··· THE DATA

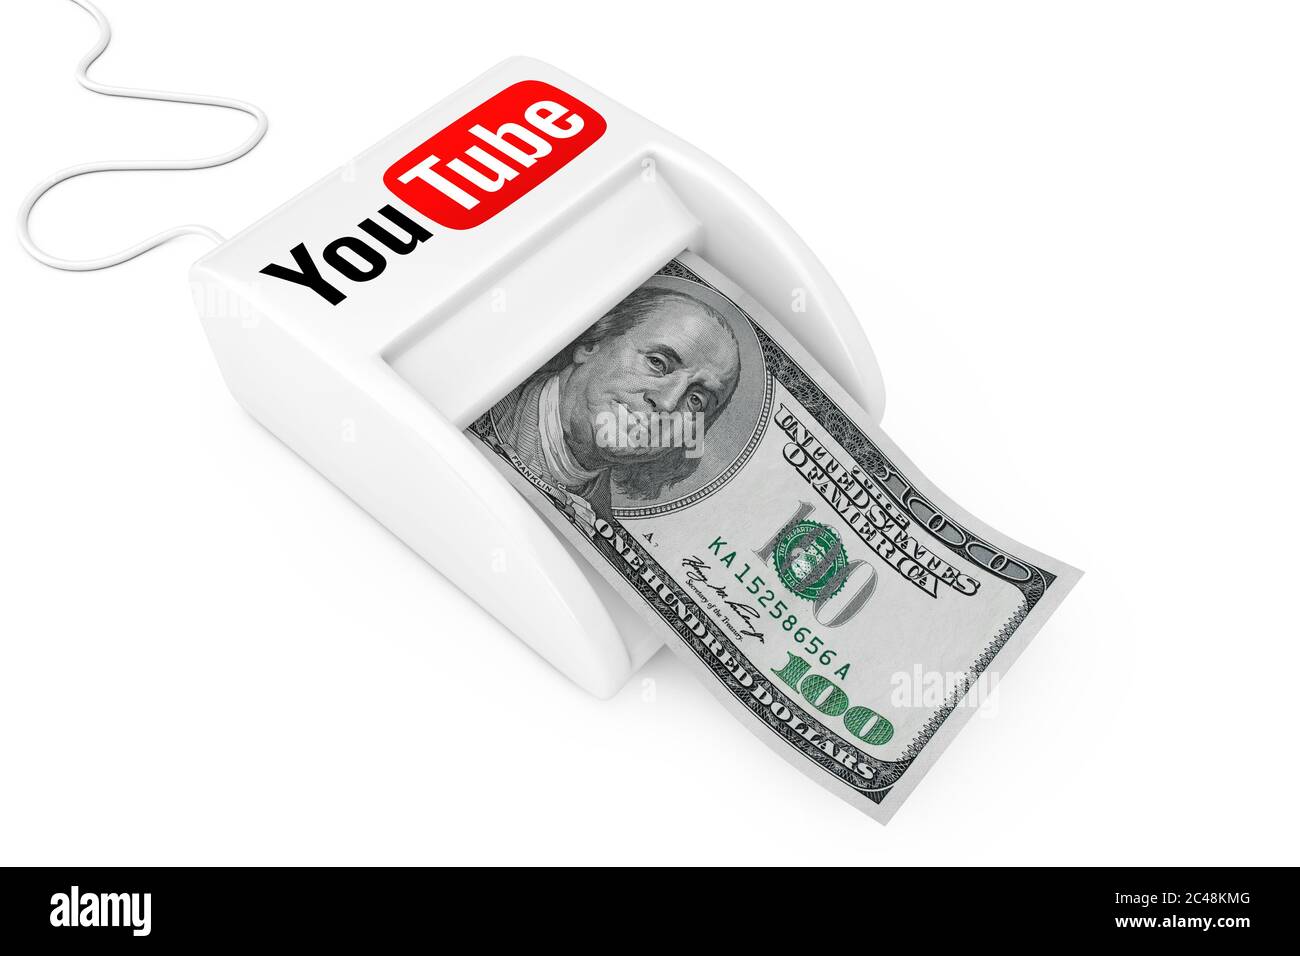 Kiếm tiền trên YouTube: Bạn có thể kiếm tiền trên YouTube chỉ bằng cách chia sẻ những nội dung thú vị và hấp dẫn của riêng mình. Với hàng triệu người truy cập mỗi ngày, YouTube là nơi lý tưởng để đưa ra ý tưởng, kinh doanh và kiếm tiền.
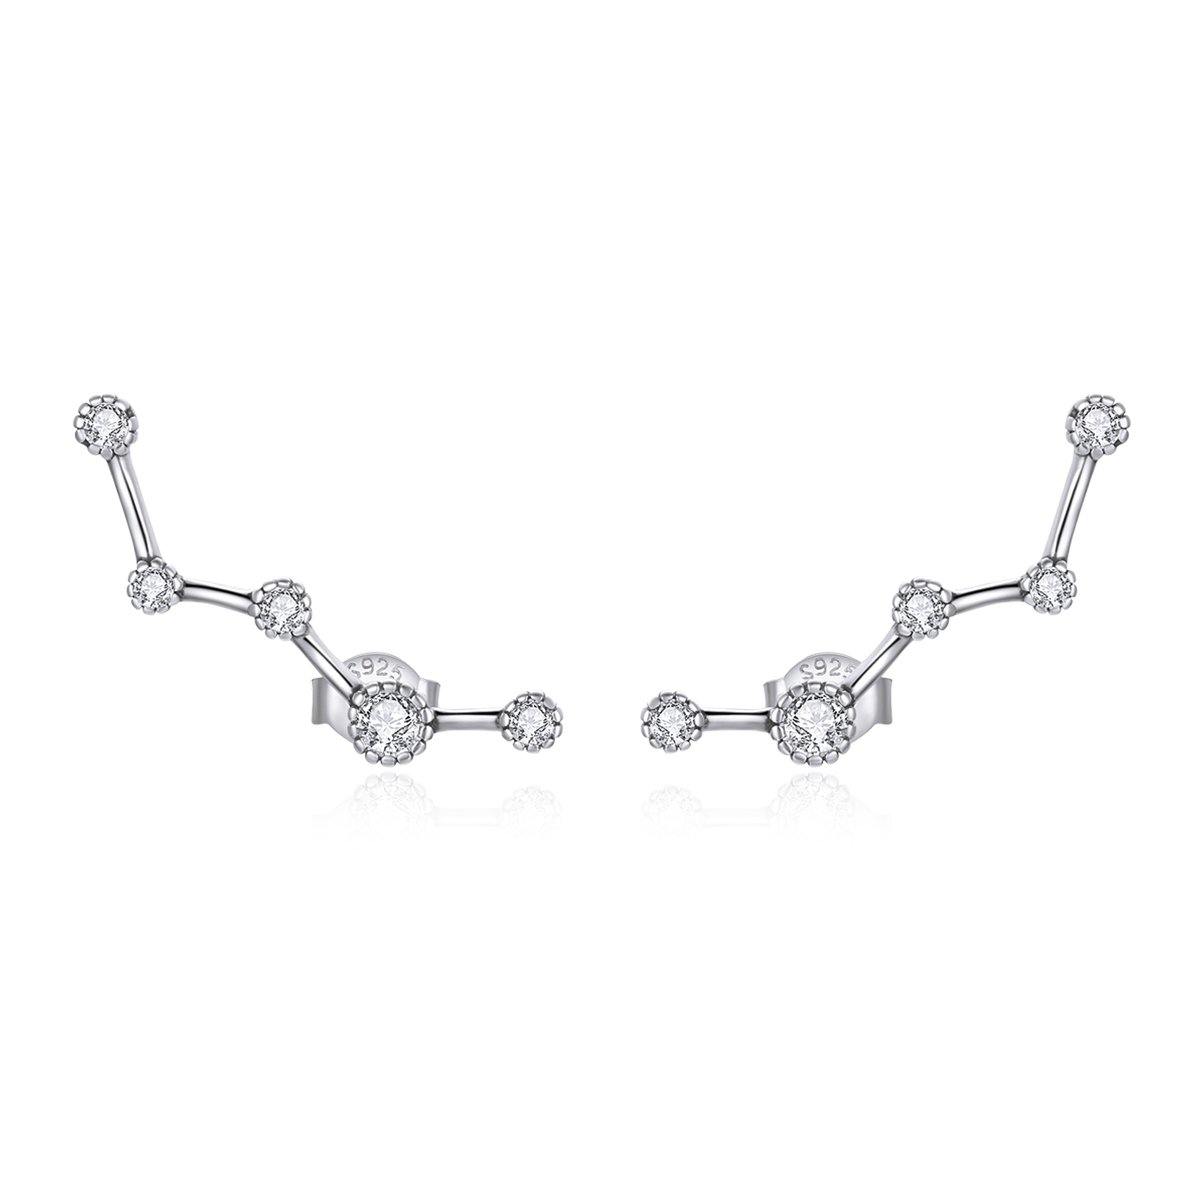 Shining Star Track 925 Sterling Silver Earrings - Aisllin Jewelry
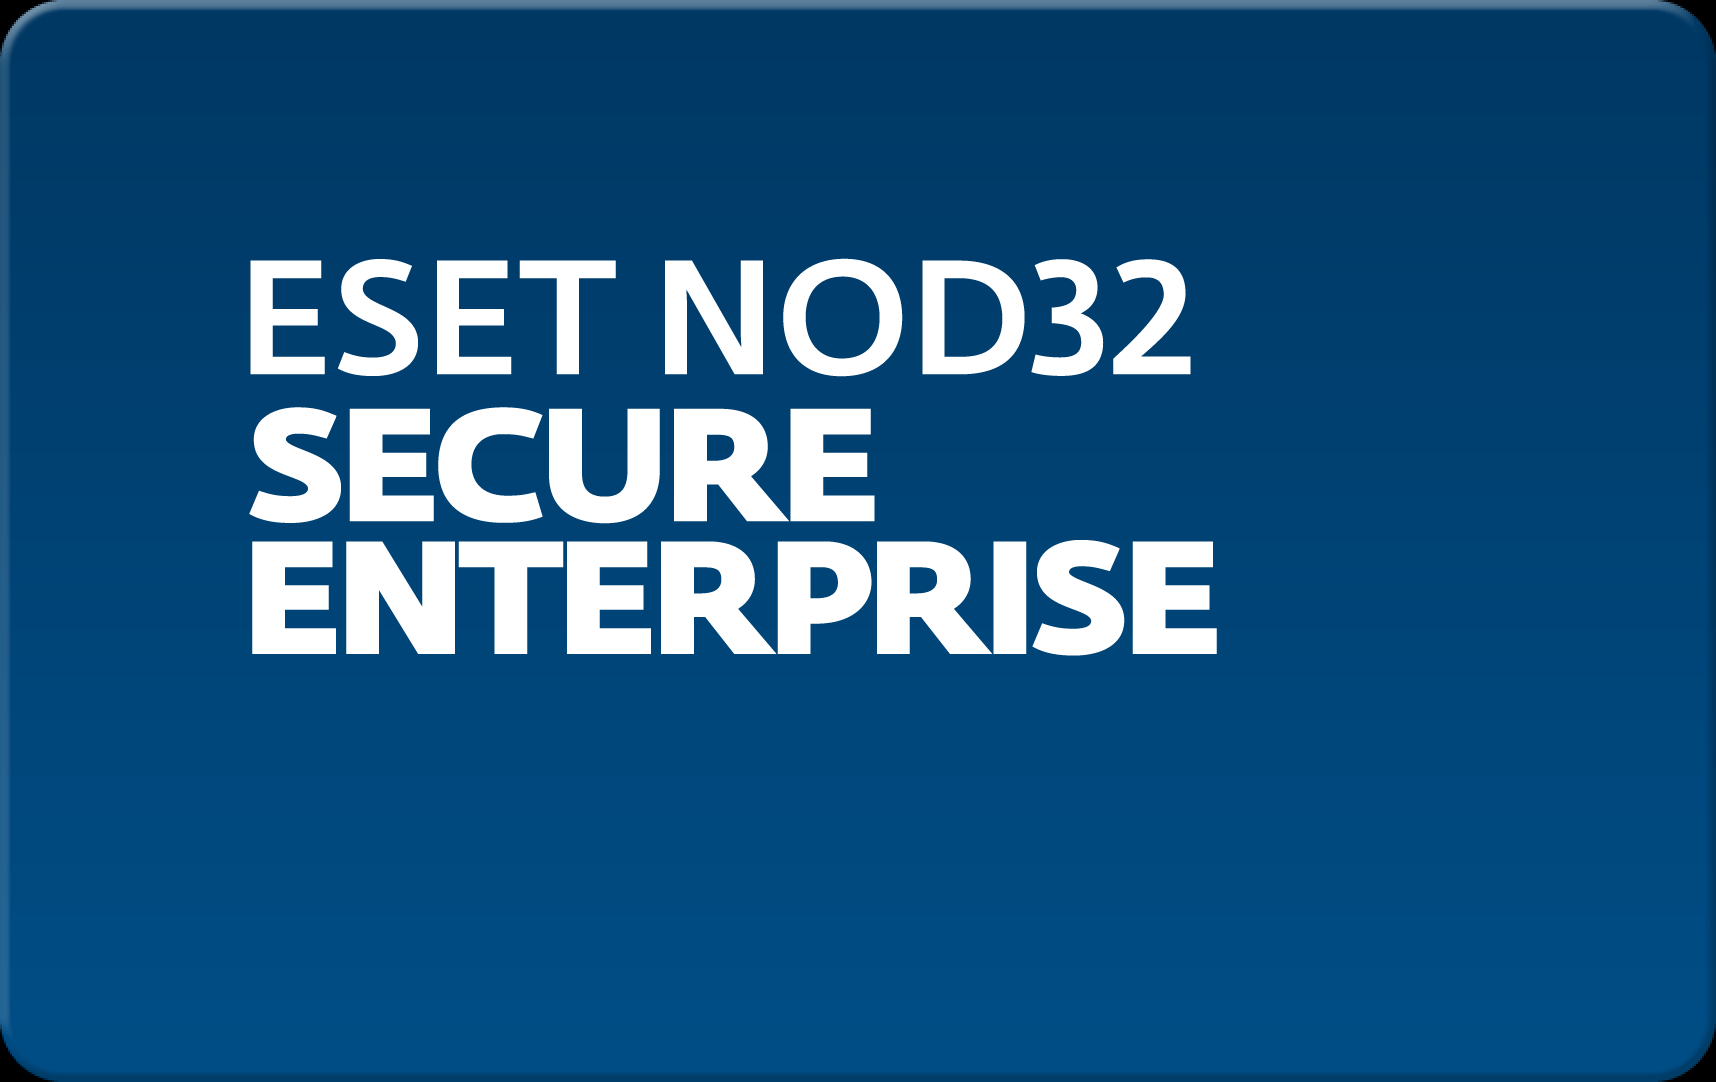        Eset NOD32 Secure Enterprise  161  NOD32-ESE-NS-1-161  #1
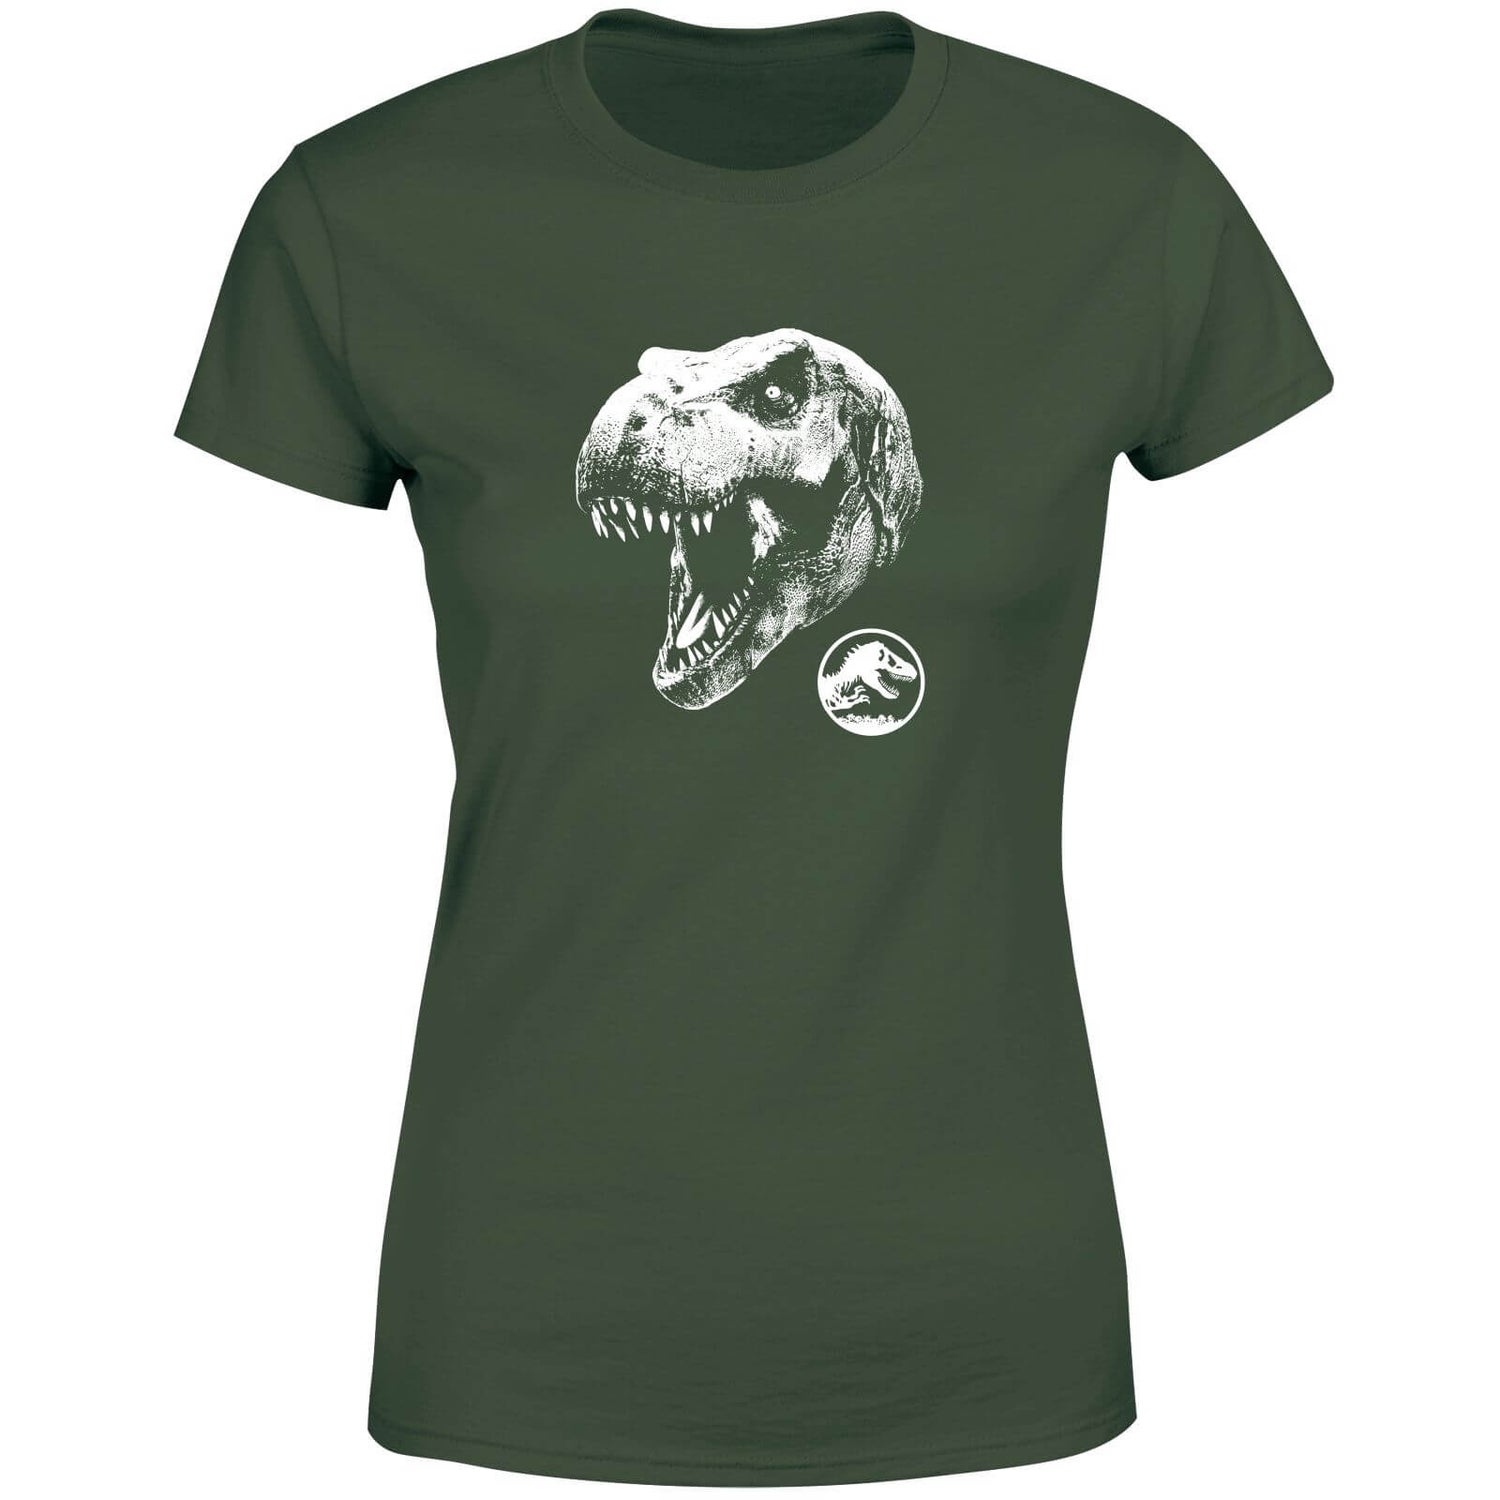 Jurassic Park T Rex Women's T-Shirt - Green
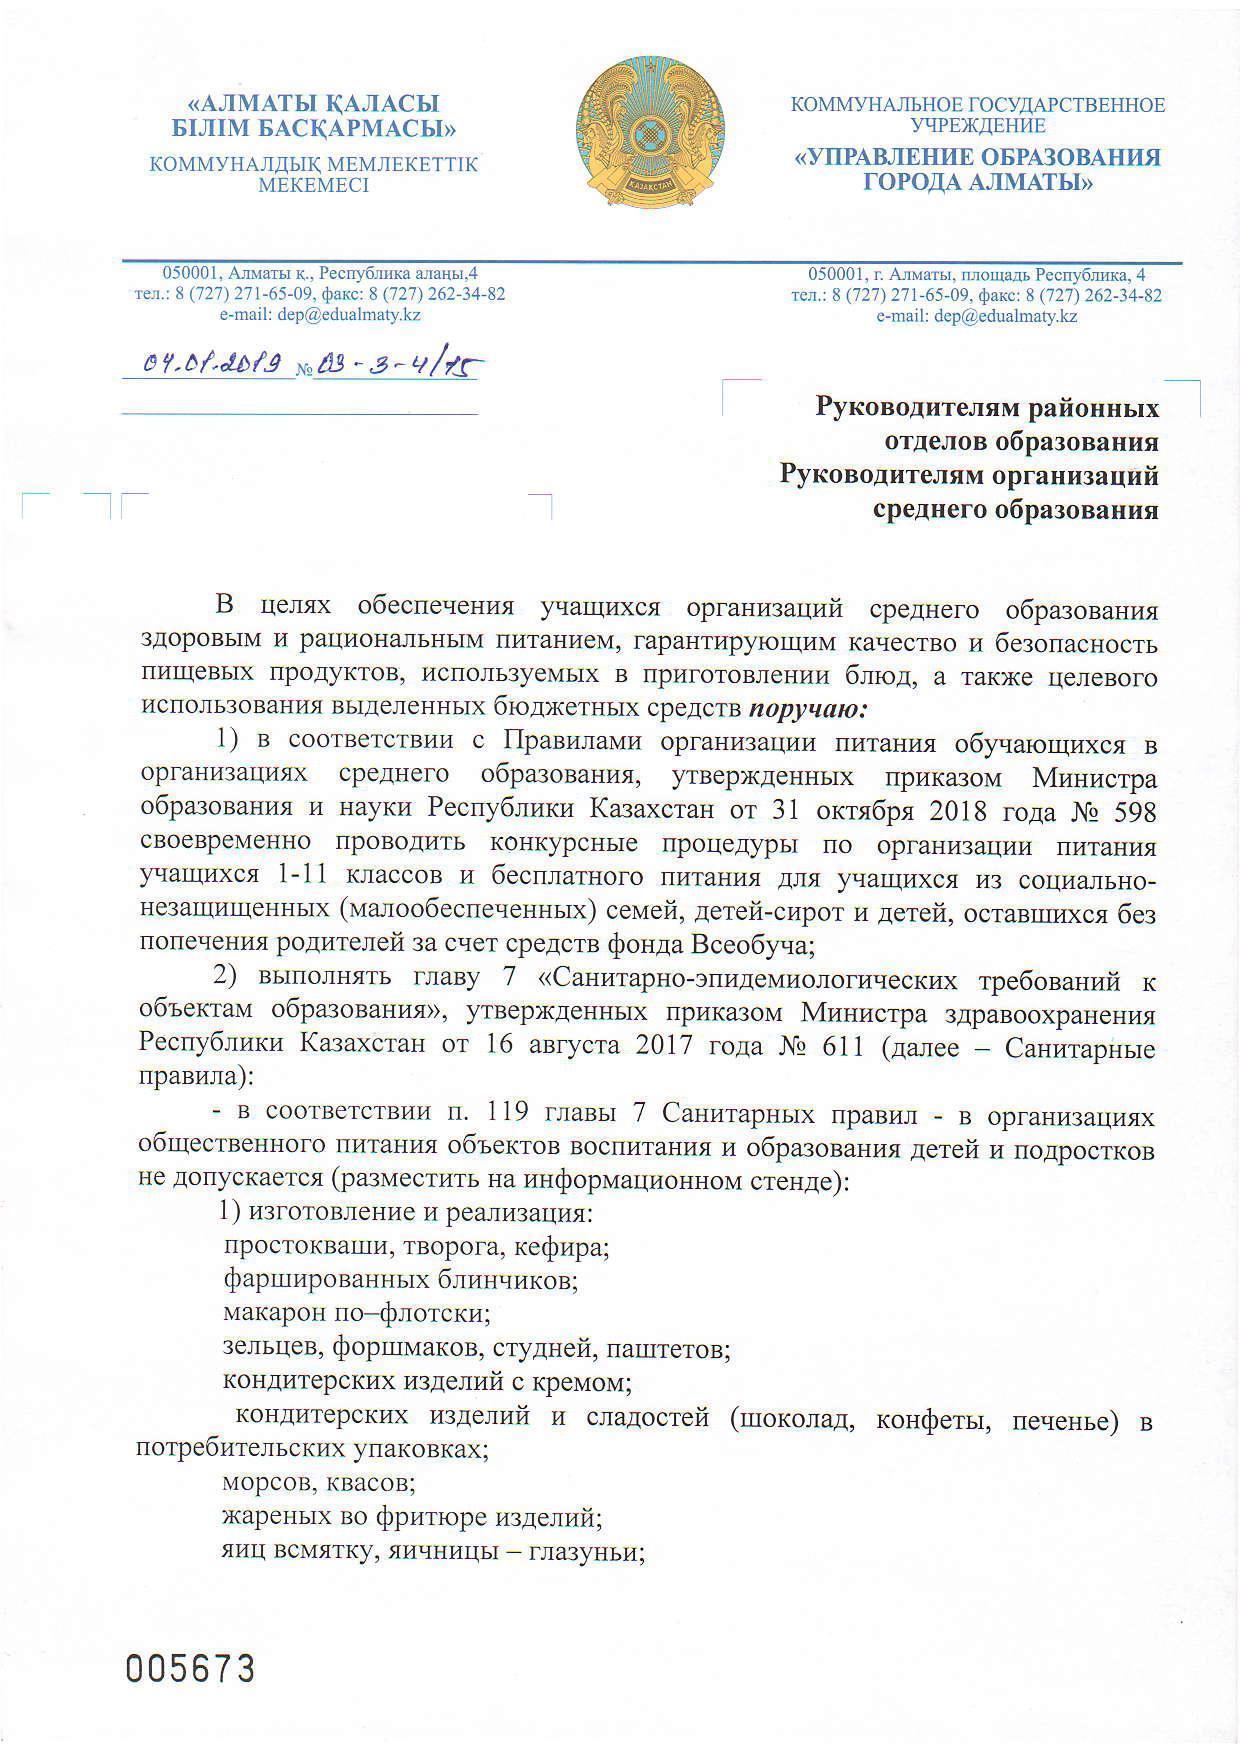 Письмо с Управления образования города Алматы

······

▶ **TASK OBJECTIVE**: Return every record exactly. Pictures stay out.

▶ **EXERCISE ANSWER**:
 Kiếm tiền trên YouTube: Bạn có thể kiếm tiền trên YouTube chỉ bằng cách chia sẻ những nội dung thú vị và hấp dẫn của riêng mình. Với hàng triệu người truy cập mỗi ngày, YouTube là nơi lý tưởng để đưa ra ý tưởng, kinh doanh và kiếm tiền.
 Shining Star Track 925 Sterling Silver Earrings - Aisllin Jewelry
        Eset NOD32 Secure Enterprise  161  NOD32-ESE-NS-1-161  #1
 Jurassic Park T Rex Women's T-Shirt - Green
 Письмо с Управления образования города Алматы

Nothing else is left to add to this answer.